▶ Exercise prompt
Take from the entries below the stretch from the line with "Stefanie Hertel Alexandra" through the line with "Slaapkamer ideeen jeugd: slaapkamer", and return it exactly, leaving the pictures out.

▶ Material supplied
= = = = = = =
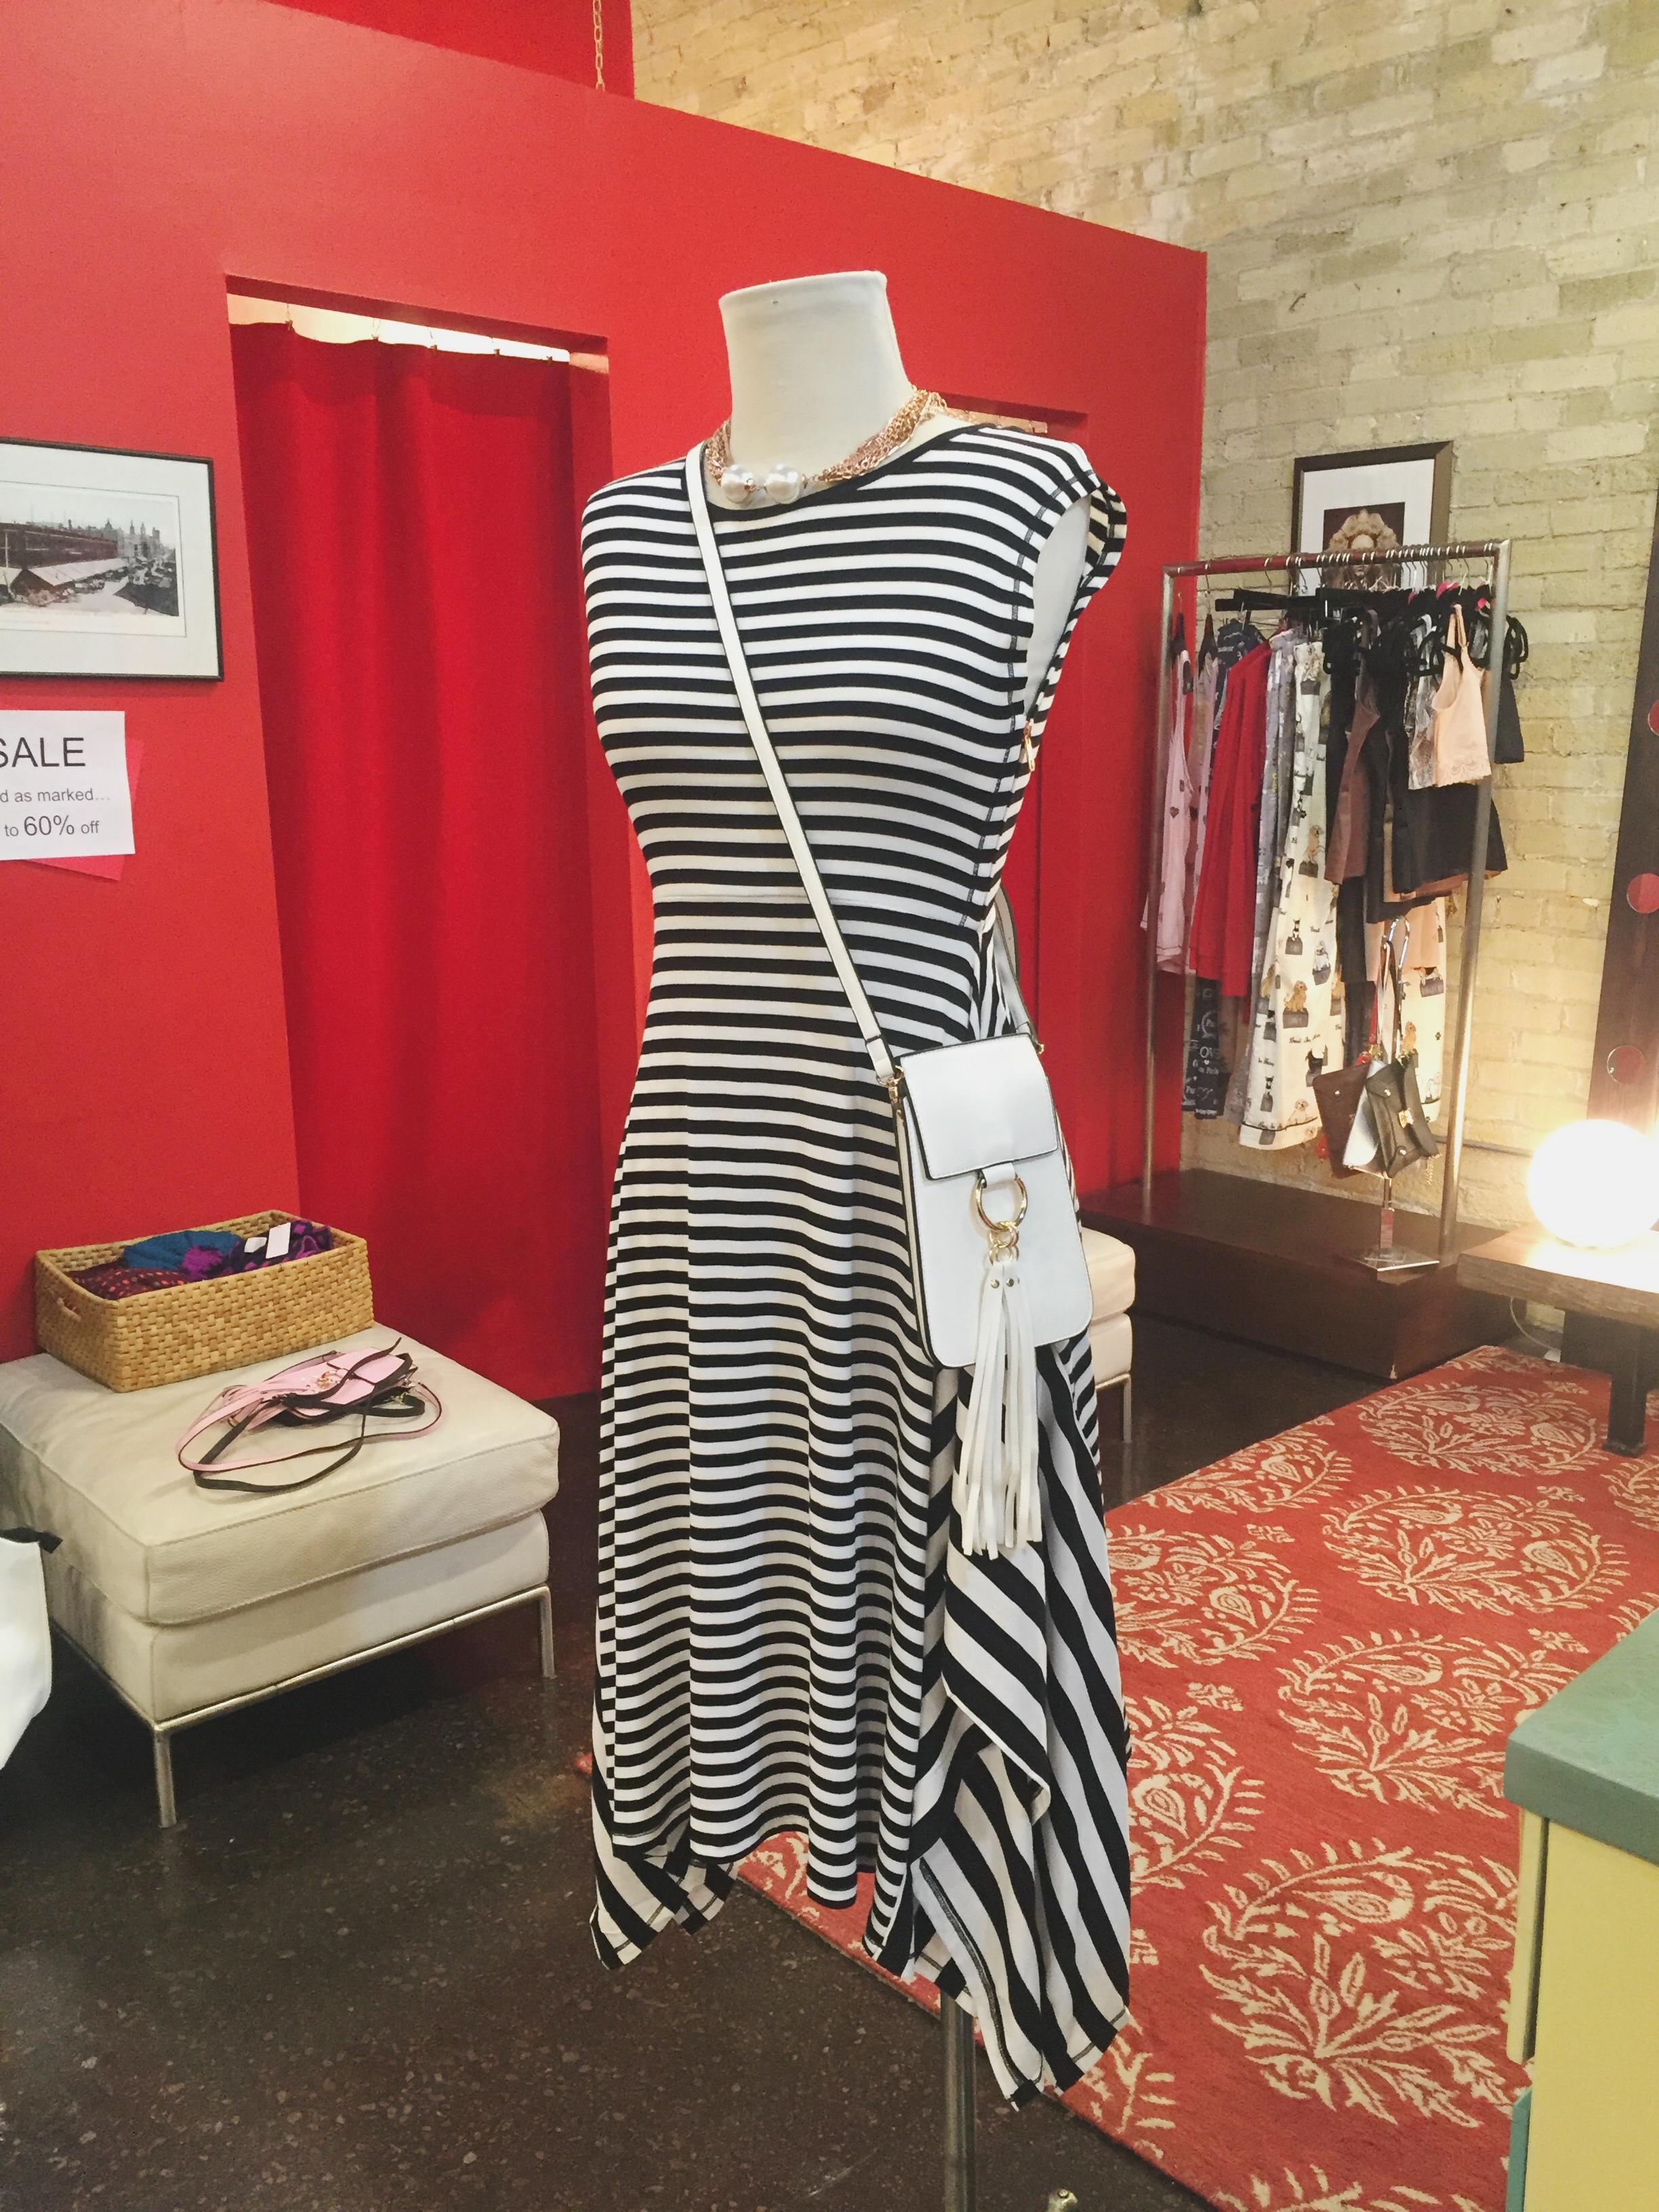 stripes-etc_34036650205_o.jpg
= = = = = = =
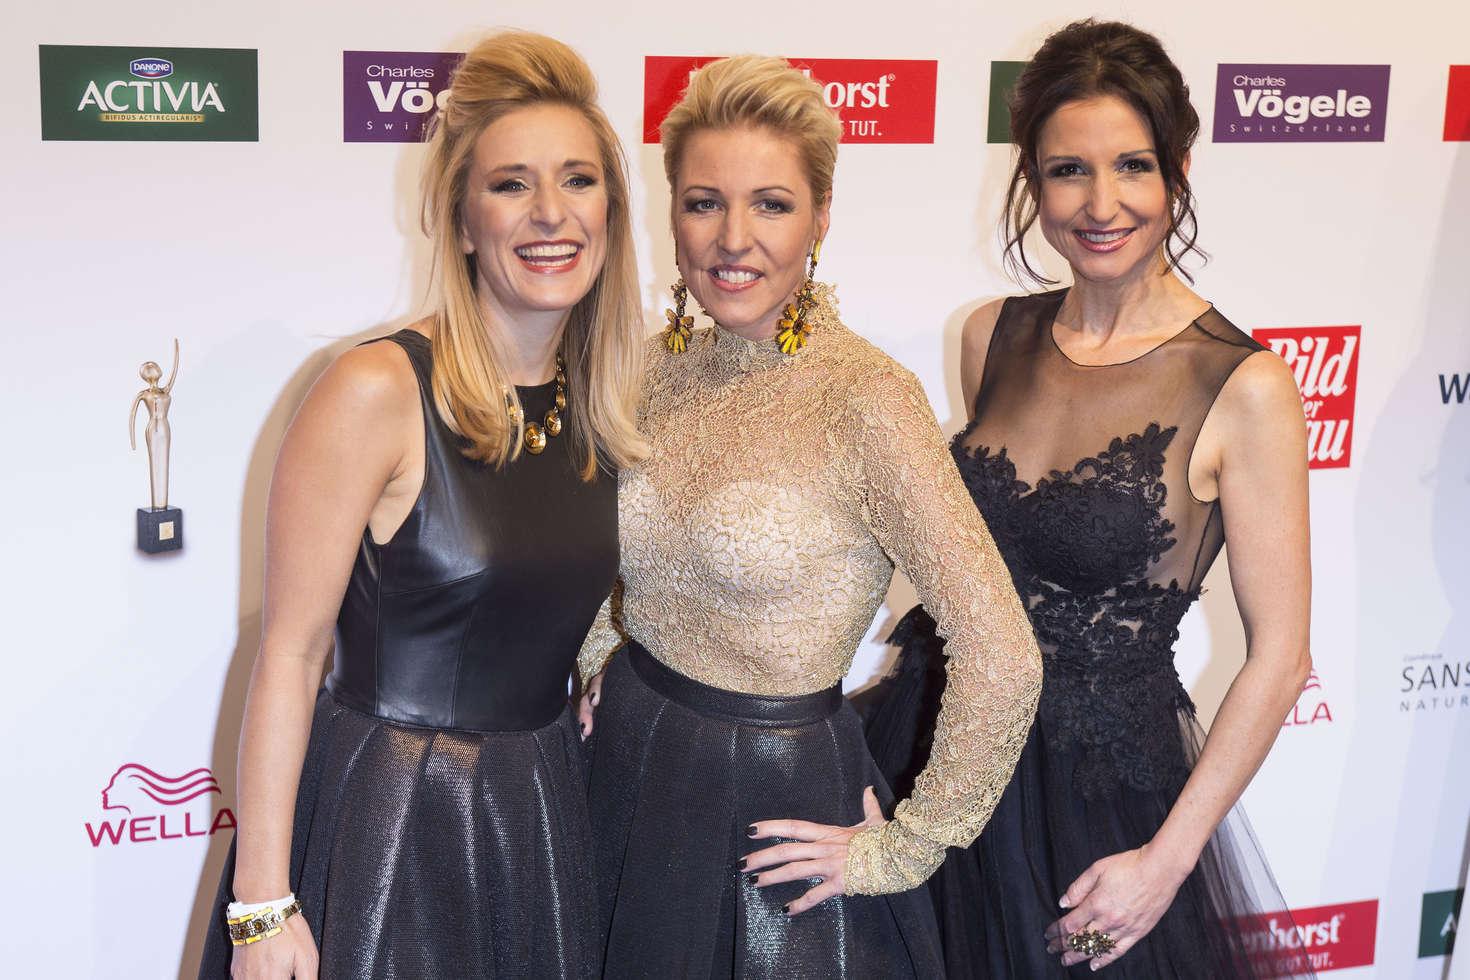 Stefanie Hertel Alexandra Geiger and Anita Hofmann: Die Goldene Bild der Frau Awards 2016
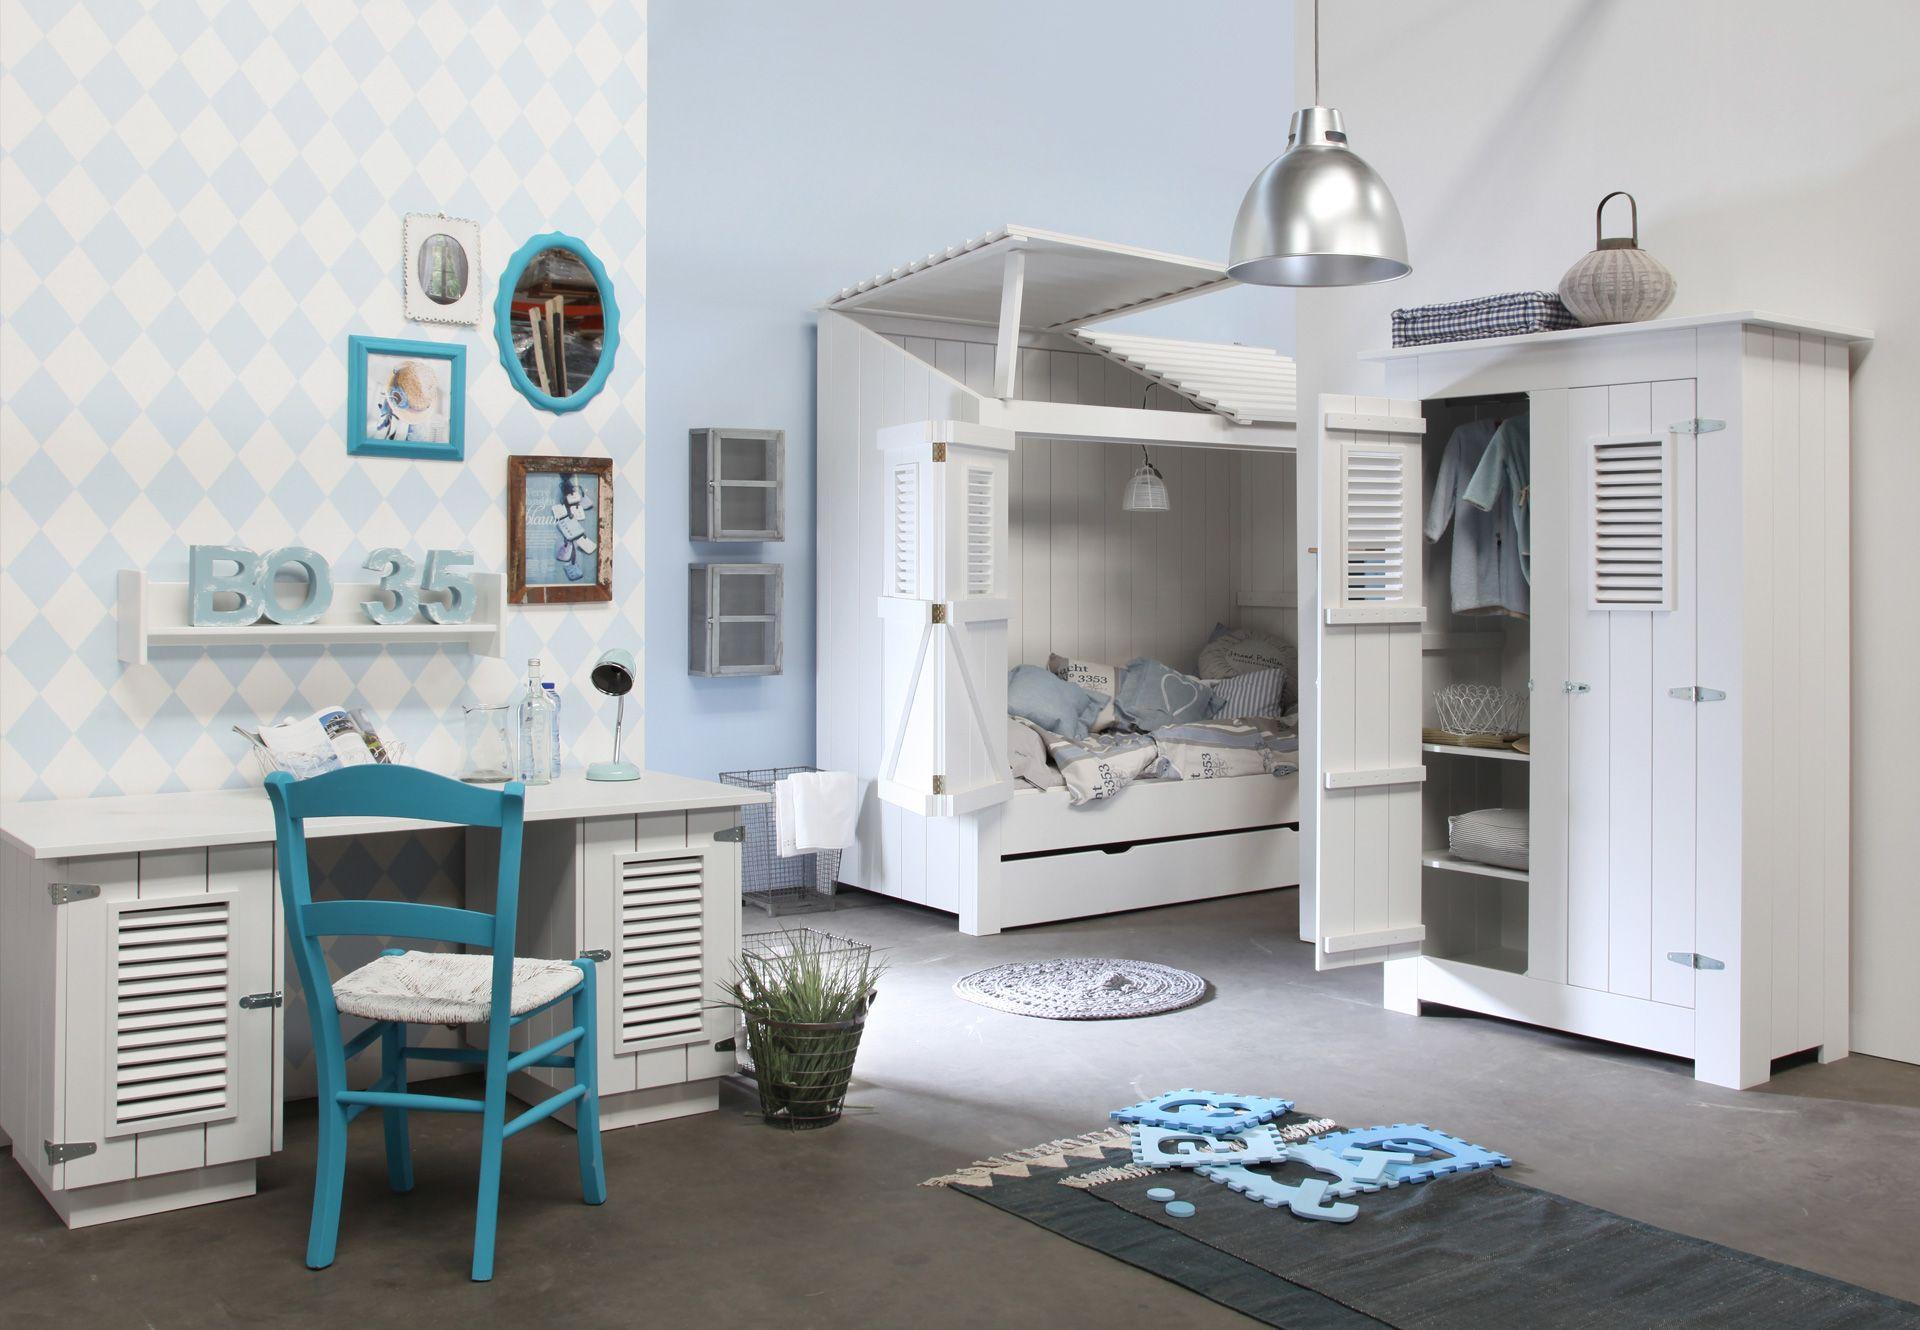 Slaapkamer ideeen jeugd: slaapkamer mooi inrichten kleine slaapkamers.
= = = = = = =
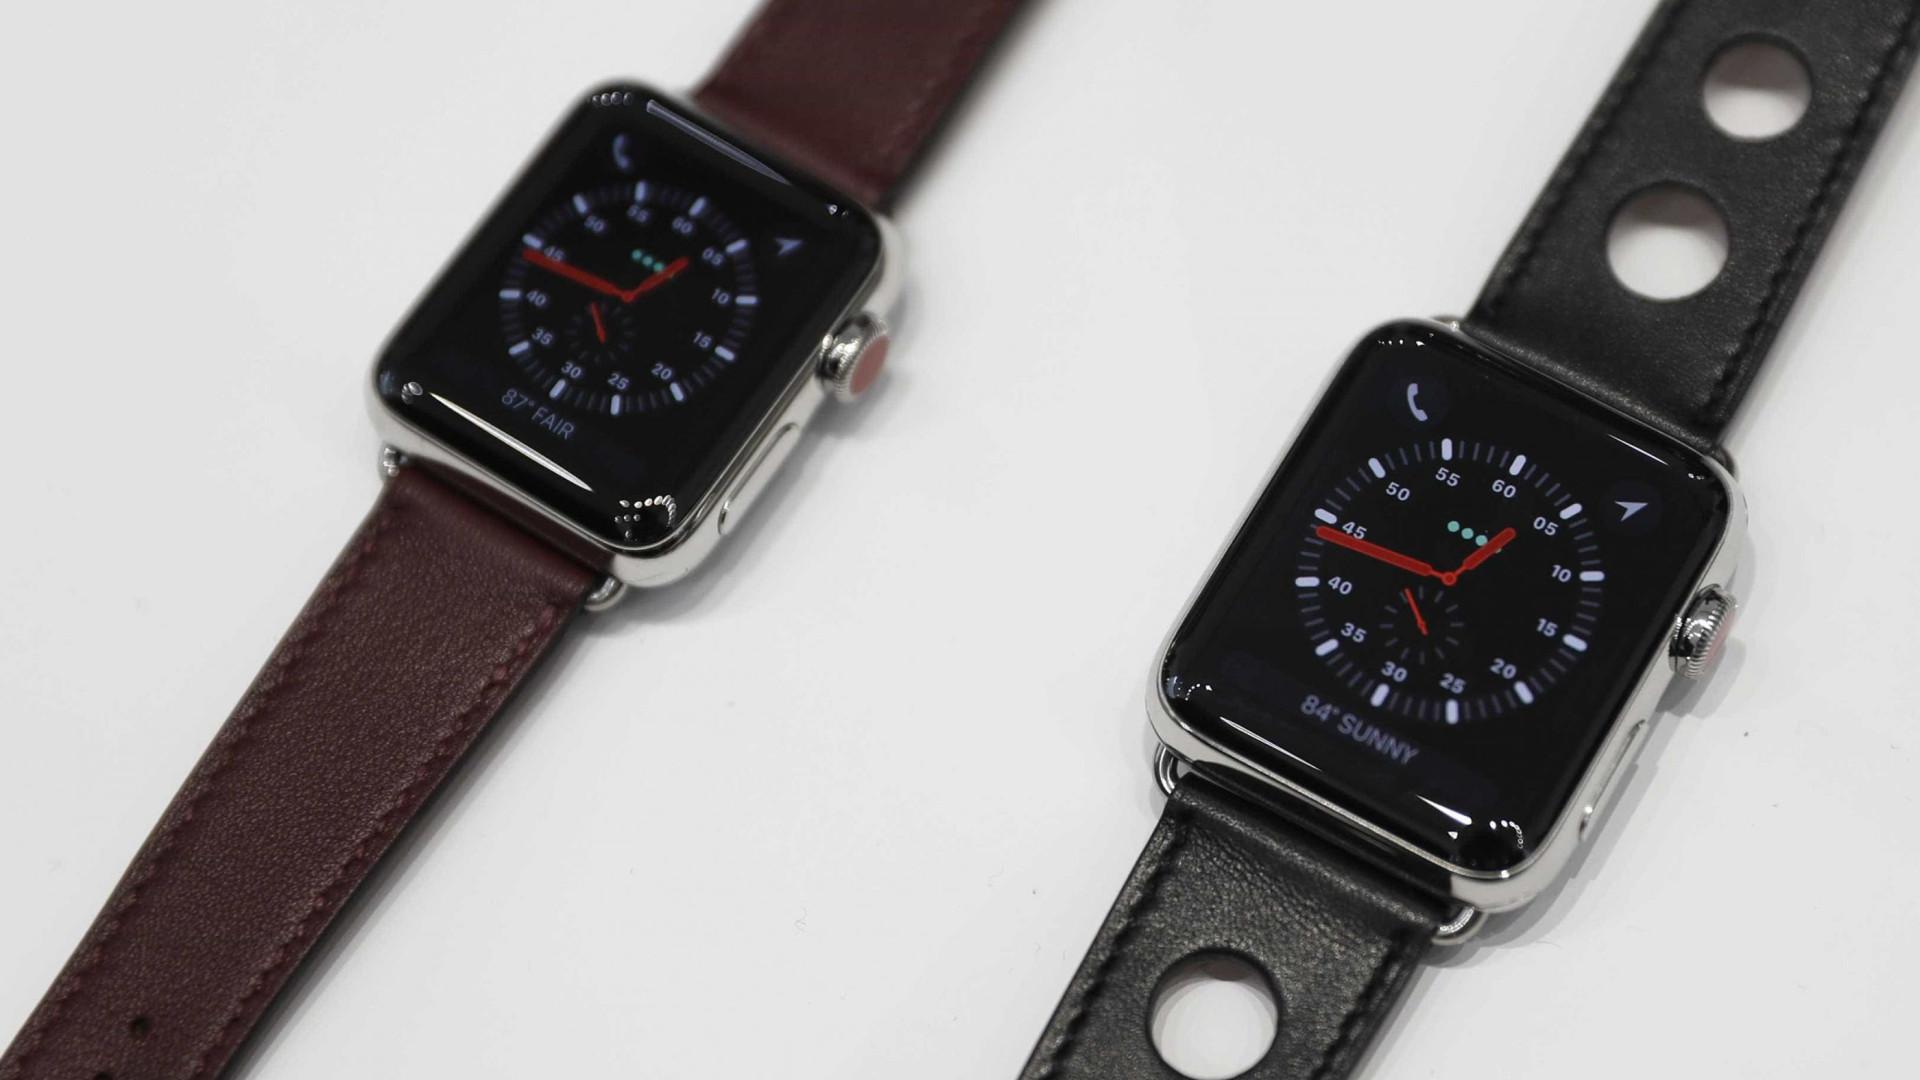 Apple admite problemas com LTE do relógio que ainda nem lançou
= = = = = = =
▶ Exercise answer
 Stefanie Hertel Alexandra Geiger and Anita Hofmann: Die Goldene Bild der Frau Awards 2016
 Slaapkamer ideeen jeugd: slaapkamer mooi inrichten kleine slaapkamers.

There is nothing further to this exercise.